5.   Quiet here means absence of sound. Well, I’ll amend that.  When it’s not hunting season, it’s quiet, very quiet.  The sounds one might hear are crickets, bullfrogs, birds, dogs barking, the occasional clip-clop of a horse walking down the road, and wind.  Certainly, cars driving by, tractors mowing hay in a field down the road, or a 4-wheeler can all be heard off and on.  But those sounds are, truly, few and far between.  Randomly, we’ll hear a fighter jet or a military cargo plane overhead, but that’s always kind of exciting.  Strangely enough, though, cows only seem to be in labor in the wee hours of the morning….

4.   Time moves at a different pace here. I’ve been to LA, to NYC, and Chicago.  And I confess, I’m probably much more a city girl than country girl.  I enjoy the fast pace and the ability to always have something to do or somewhere to go.  So I simply can not overstate the difference in attitudes between those living in urban areas and those living in rural ones.  In the country, the importance of one’s time is measured by the length of conversations.  In cities, or even suburbs for that matter, time is measured by how much one has accomplished.  Yes, I know that this might just be the difference between Type A or B individuals, and there are enough of both in each setting, yet I would argue that regardless of what type one is, country folk seem to value relationship over achievement.

3.   There is NOTHING to do, yet, there is so MUCH to do. Property is bigger, so one can literally spend the whole day mowing, weeding the garden, or canning the harvest.  I have spent hour upon hour peeling, pitting, and canning peaches, or chopping tomatoes and onions for homemade salsa.  And while homemade is a “good thing”, as Martha Stewart would say, it’s also an exhaustingly overwhelming thing sometimes.  On the other hand, unless square dancing or whittling is your passion, there’s not a whole lot to do for entertainment here.

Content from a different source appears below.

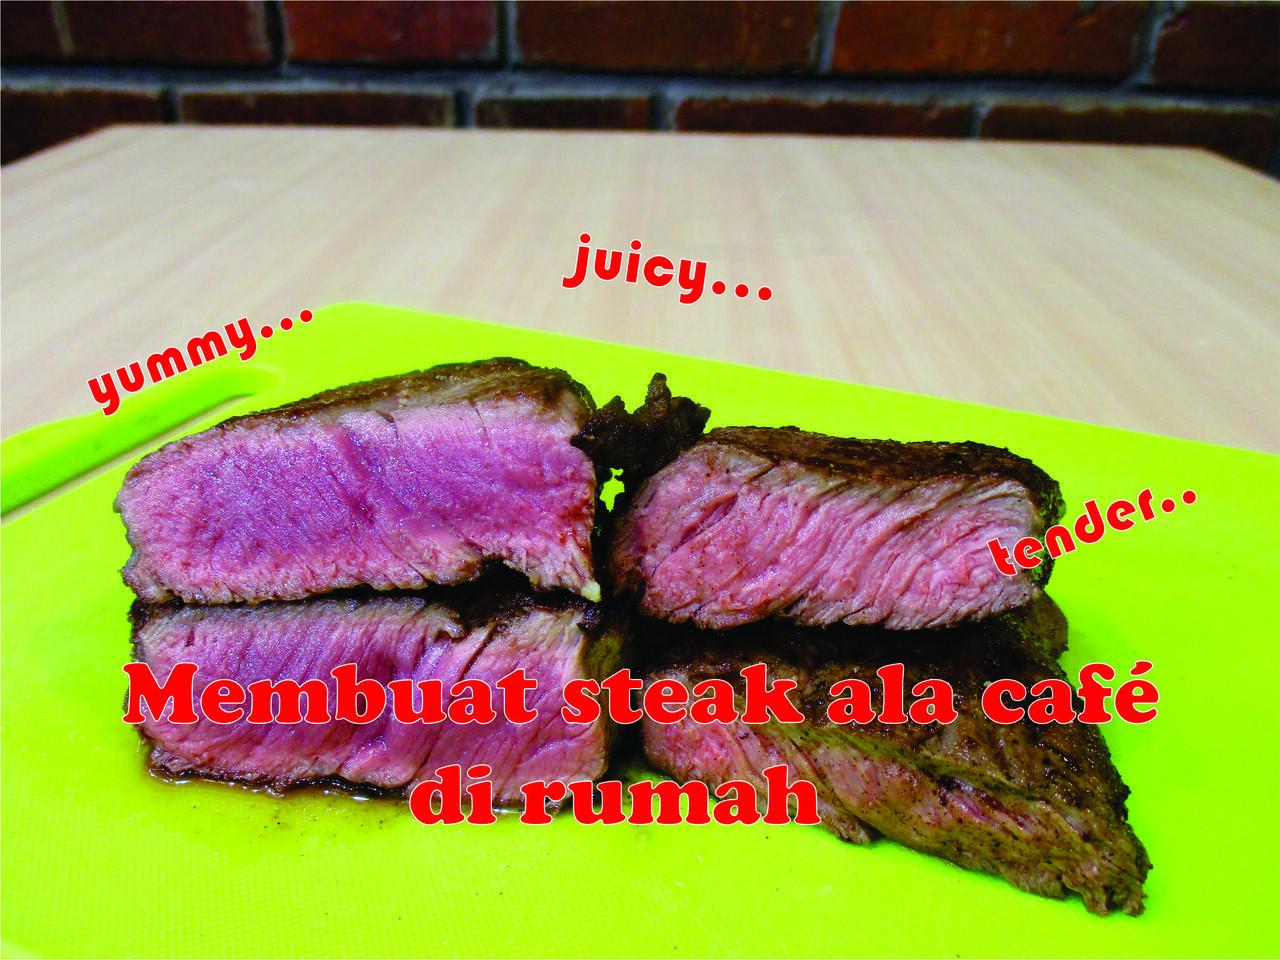 makan sama gebetan, bikin steak sendiri biar lebih romantis gan.

2.     No matter how old you are in relation to someone else’s age, you’re always addressed as “Ma’am” or “Sir.” Seriously.  You’d think this might just be exclusively southern, but I’ve been in the northern plains countryside, and the backwoods western mountain areas, and been addressed as “Ma’am” by people twice – and half – my age.  While there is a great deal of emphasis in society placed on revering diversity, in the red state/flyover parts of the nation, there’s an even greater emphasis placed on respecting common courtesy.

1.      Despite small town America being linked with NASCAR,  most people don’t drive fast… at all! I grew up in Orlando, where everyone, it seems, drives slow because they’re busy looking for highway exit numbers.  But here, no matter whether you’re on a narrow rural road or a two lane “highway,” people just drive slow.  Picture your great-grandma going out for a Sunday drive; there is no obvious hurry from destination to destination here.  Our family jokes that everyone learns to drive on a tractor here, and that’s why no one can exceed 35 mph., but I don’t doubt there’s a little bit of truth in that.

There are many more differences in country living versus urban living, but these to me are the most obvious.  That, and maybe how wonderful it is to grow really flavorful, juicy tomatoes!